Исследования проведены в окрестностях Среднеуральского медеплавильного завода (СУМЗ), расположенного близ г. Ревды Свердловской обл. Предприятие функционирует с 1940 г., основные ингредиенты выбросов – газообразные соединения серы, фтора и азота, а также пылевые частицы с сорбированными тяжелыми металлами (Cu, Pb, Zn, Cd, Fe, Hg и др.) и металлоидами (As). В 1980-х годах валовые выбросы СУМЗа достигали 150–225 тыс. т поллютантов в год, что делало предприятие одним из крупнейших источников промышленного загрязнения в России. С начала 1990-х годов выбросы постепенно снижались, и после коренной реконструкции, завершившейся в 2009 г., стабилизировались на уровне 3–4 тыс. т/год [13].

Площадки с искусственными гнездовьями (ИГ) были заложены на расстоянии от 1 до 27 км к западу от СУМЗа, в двух лесных биотопах, типичных для этого района: елово-пихтовых (Picea obovata и Abies sibirica) и производных осиново-березовых лесах (Populus tremula, Betula pubescens и B. pendula) с примесью сосны (Pinus sylvestris). По мере приближения к источнику выбросов отмечено угнетение древесного яруса (снижение густоты древостоя, его запаса и проективного покрытия, увеличение доли сухостоя), уменьшение видового богатства и биомассы травяно-кустарничкового яруса [13].

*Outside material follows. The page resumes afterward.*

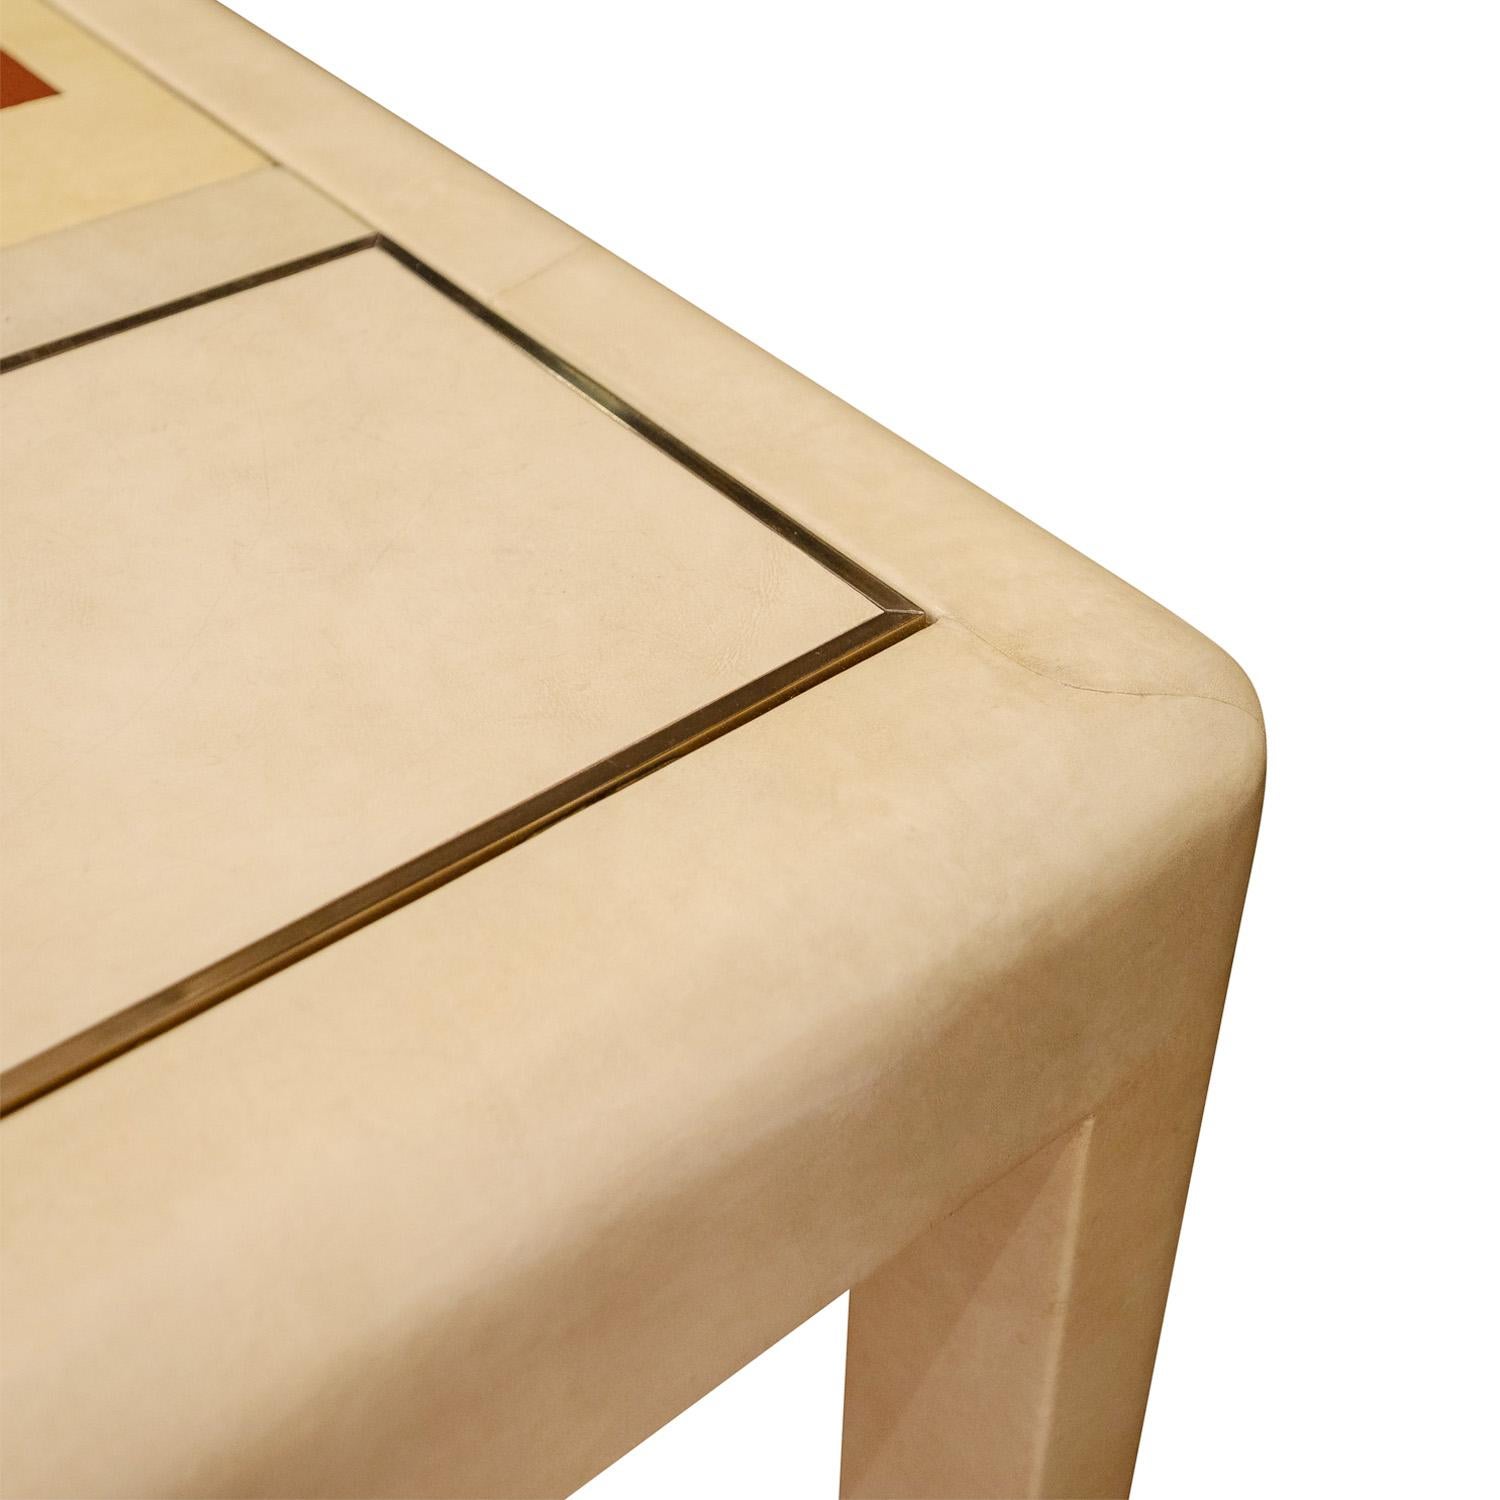 Karl Springer Rare Backgammon/Games Table in Lacquered Goatskin 1970s For Sale 2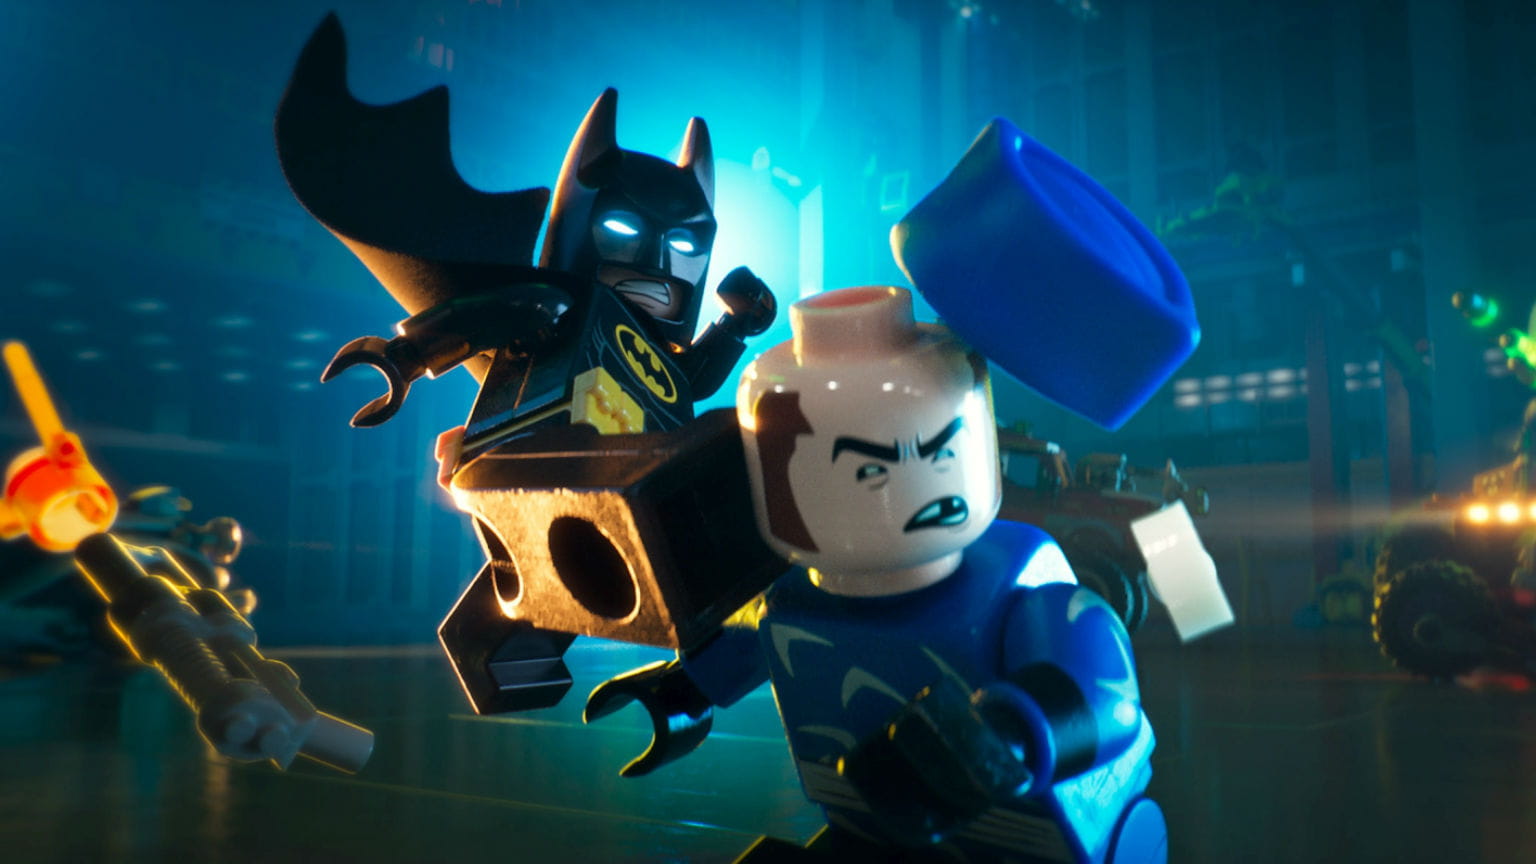 The LEGO Batman Movie director Chris McKay and producer Dan Lin

Нами использованы данные по площадкам в фоновой (условно незагрязненной, контрольной) и сильно загрязненной (импактной) зонах (рис. 1). В фоновой зоне непрерывные ежегодные наблюдения проводили в хвойном лесу на площадке W20 (20 км к западу от СУМЗа) в 1989–2020 гг., в лиственном лесу – на площадках W16 (16 км западнее СУМЗа, 1996–2003 гг.) и W27 (27 км западнее СУМЗа, 2005–2020 гг.). В импактной зоне наблюдения проводили в хвойном лесу на площадке SW1 (1 км к юго-западу от СУМЗа) в 1990–2020 гг., в лиственном лесу – на площадке W1 (1 км к западу от СУМЗа) в 1989–2020 гг. На всех площадках развеска ИГ была однотипной: по 7–9 параллельных линий с интервалом между линиями 100 м, в линии 7–9 ИГ с интервалом 50 м, плотность 2 ИГ/га, по 50–80 ИГ на площадку; ИГ были сделаны из досок с площадью дна 10 × 10 см и диаметром летка 30–35 мм. Проверку ИГ проводили ежегодно в течение мая–июля с интервалом 1–7 дней. Плотность гнездования (далее в тексте “плотность”) дуплогнездников оценивали по количеству занятых ИГ, т.е. гнезд, где было отложено хотя бы одно яйцо, в пересчете на 1 км2. У синиц (Paridae) учитывали только первые кладки. Собрана информация по 2742 гнездам восьми видов птиц.

Рис. 1.

Расположение площадок с искусственными гнездовьями в окрестностях СУМЗа: 1 – населенные пункты; 2 – шоссе; 3 – река; 4 – СУМЗ; 5 – площадки.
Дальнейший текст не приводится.